Puis un jour, la magie cessa Daftsura se sentit happée comme lorsqu’on tombe au cours d’un rêve. La grande porte de sa cellule était ouverte et elle pouvait voir de la lumière… De la lumière et cette personne qui l’attendait. Qui ? Peu importe, elle s’avance, affaiblie elle peine à marcher ses bras se referment sur ce type qu’elle ne connaît pas et sa mâchoire sur sa clavicule, elle l’entraîna à terre et entama son funeste repas ignorant sa proie encore vivante qui se débattait sous son emprise. Elle avait besoin de manger. Manger plus, aussi tous ceux qui se trouvèrent sur sa route à sa sortie de l’asile furent impitoyablement ingérés par la créature.
Encore trop engourdie pour réfléchir convenablement, elle décida d’écouter sa petite voix et pris la route de Val’Hulm, l’île dangereuse. Si elle restait là elle aurait vite fait de se faire attraper de nouveaux.

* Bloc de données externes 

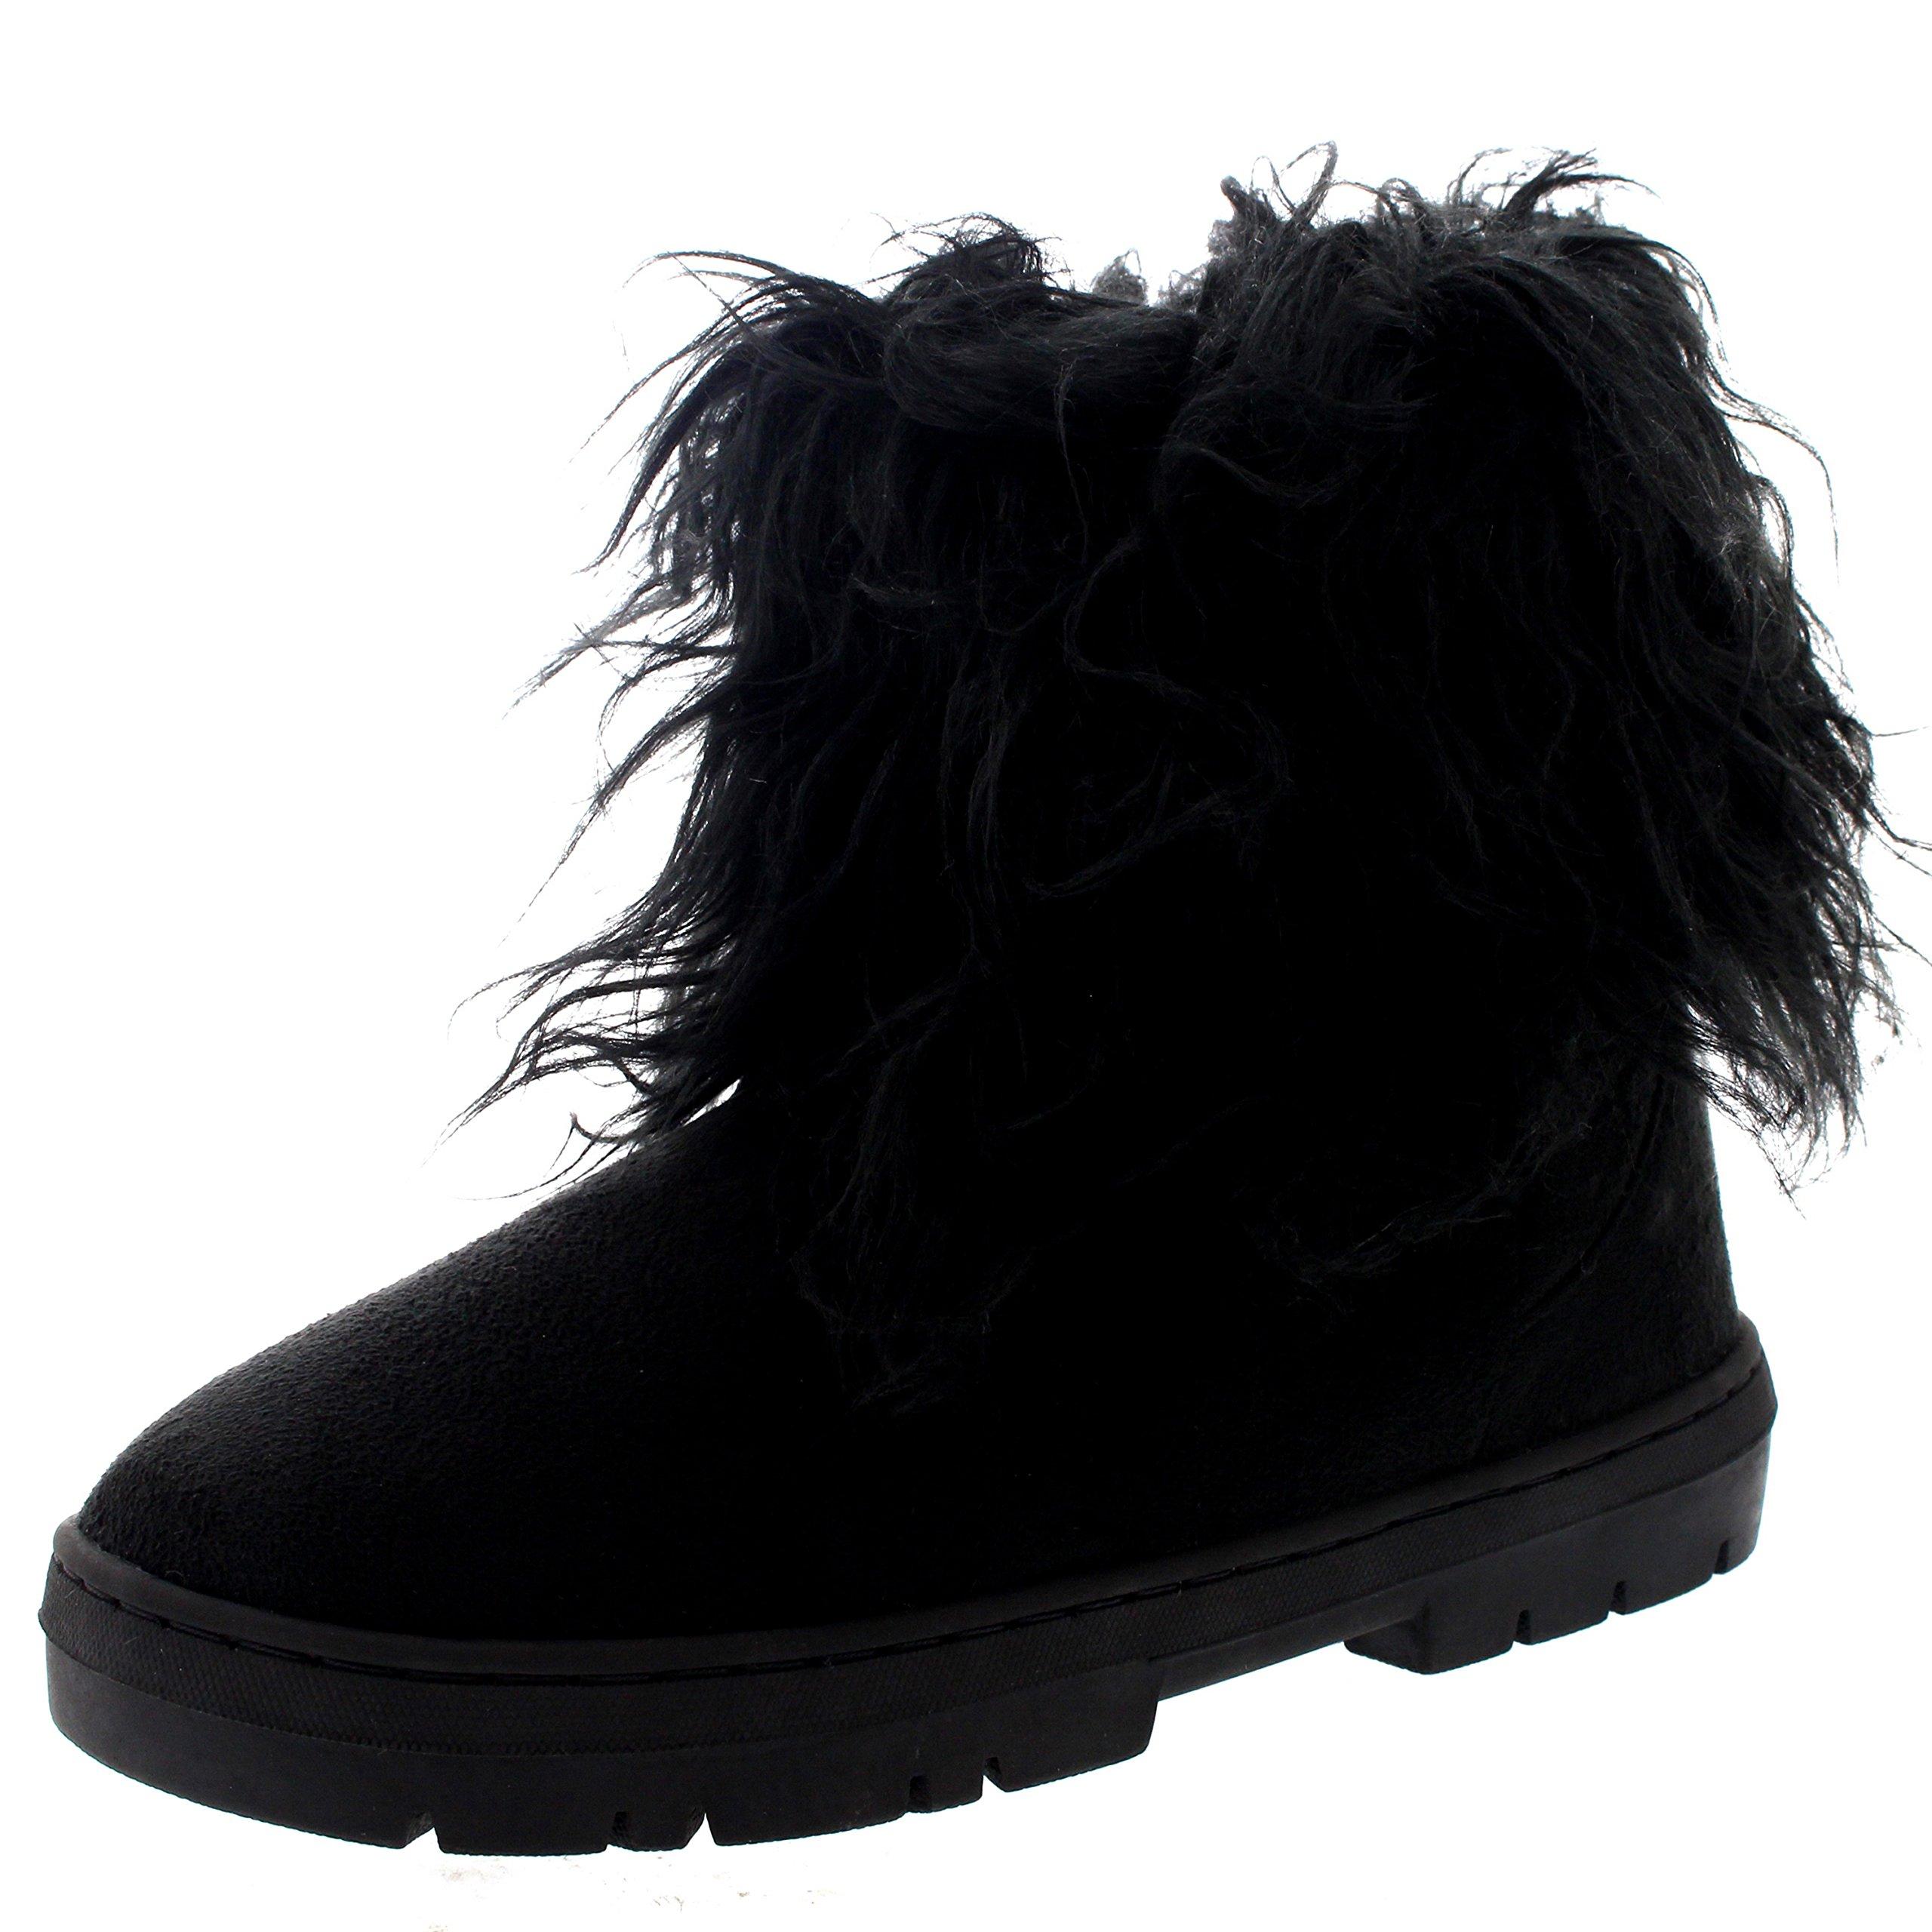 Womens Short Eskimo Winter Waterproof Hard Sole Mid Calf Boots - Black - US7/EU38 - BA0490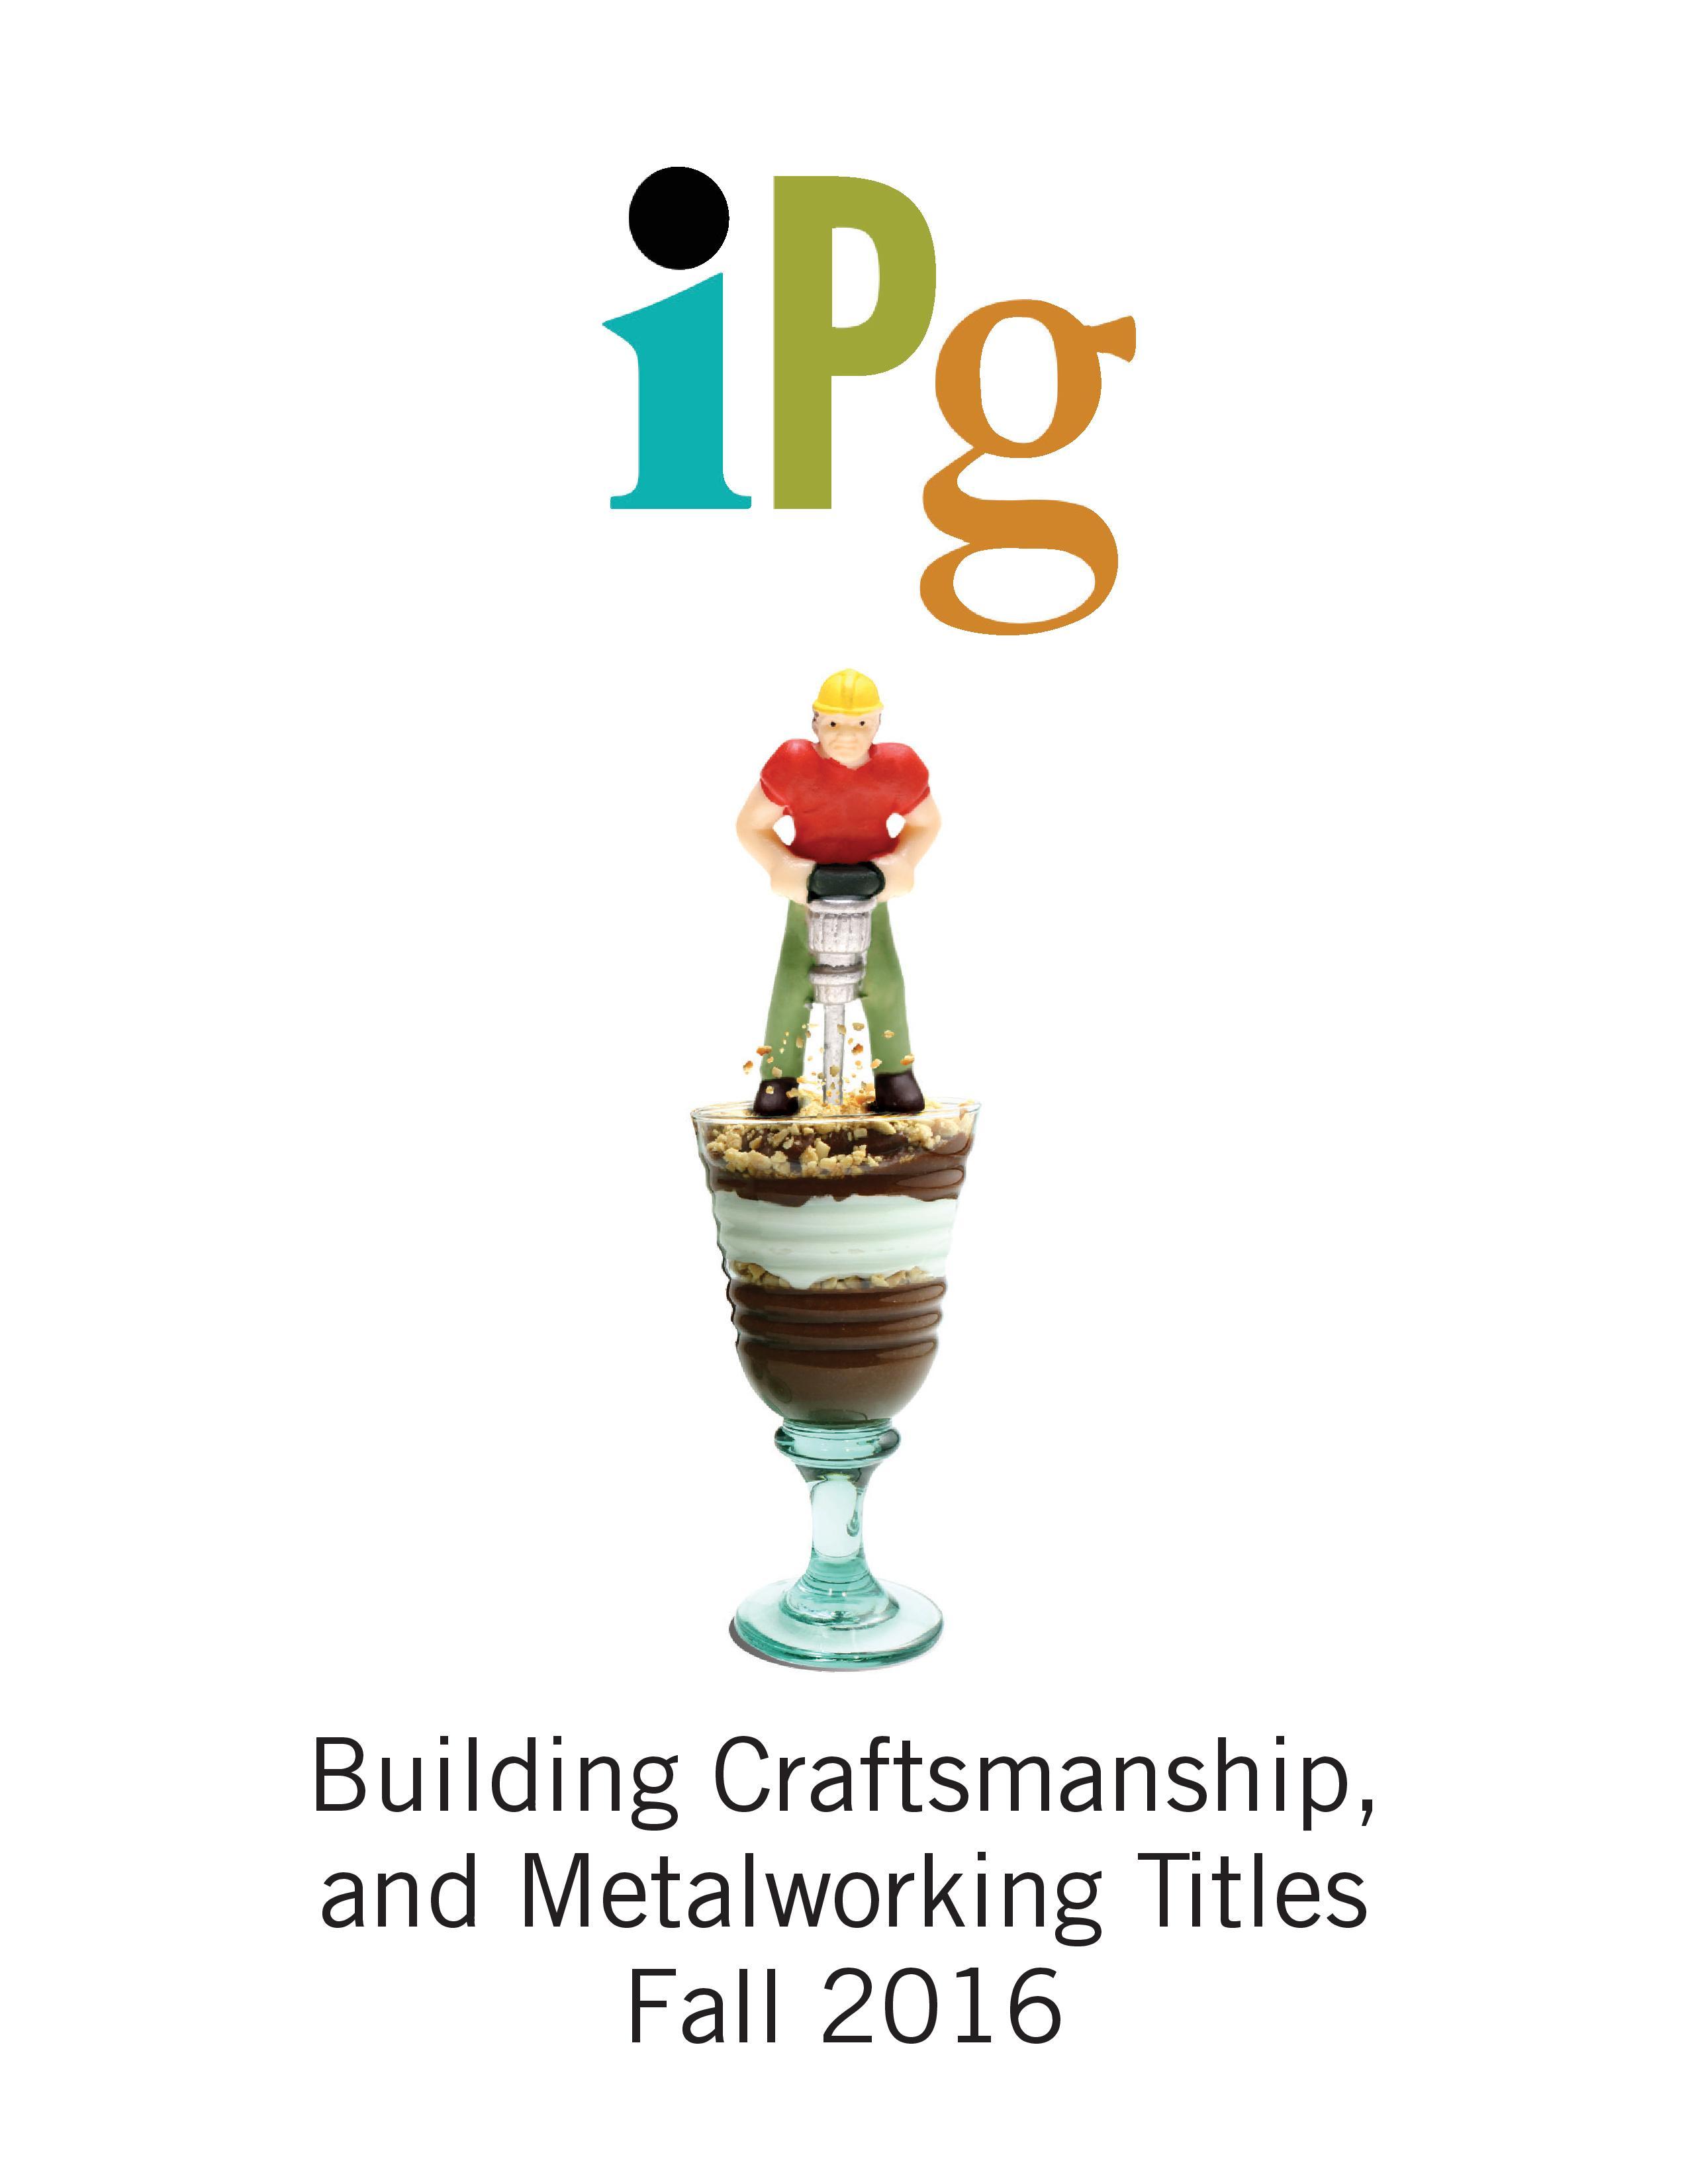 Building, Craftsmanship, and Metal Working Titles

Le voyage fut long et le Thérion manqua à plusieurs reprise de se dévoiler, manquant à plusieurs reprises de céder à des pulsions comme elle n’en avait jamais ressenties auparavant. Comme si ses désirs venaient la frapper bien plus fort qu’avant son emprisonnement. A plusieurs reprise elle dévora son propre bras afin de ne pas basculer.
D’esprit vengeur à semeur de chaos, Daftsura dans sa douce folie entreprend de rassembler d’autres criminels et évadés sous une même bannière formant un groupe illégal de mercenaire, la Grande Chasse. Attendant d’être assez nombreux pour s’opposer au pouvoir en place et plonger le monde dans le chaos. Leur quartier général est caché sur Val’Hulm.
“Chef, z’avez une tête de con là dessus.”
Annonça ‘un des deux hommes qui encadraient une femme à la silhouette bien plus menue couverte par une longue cape noire de laquelle s'extirpe une main bandée s’en allant saisir l’affiche placardée sur le bois d’un panneau de chasseurs de prime. Elle l’observe un instant de ses yeux jaunes imperturbable avant qu’un sourire mauvais ne vienne déchirer son visage.
“Tant mieux. Que tous sachent que le temps de la Grande Chasse est arrivé.”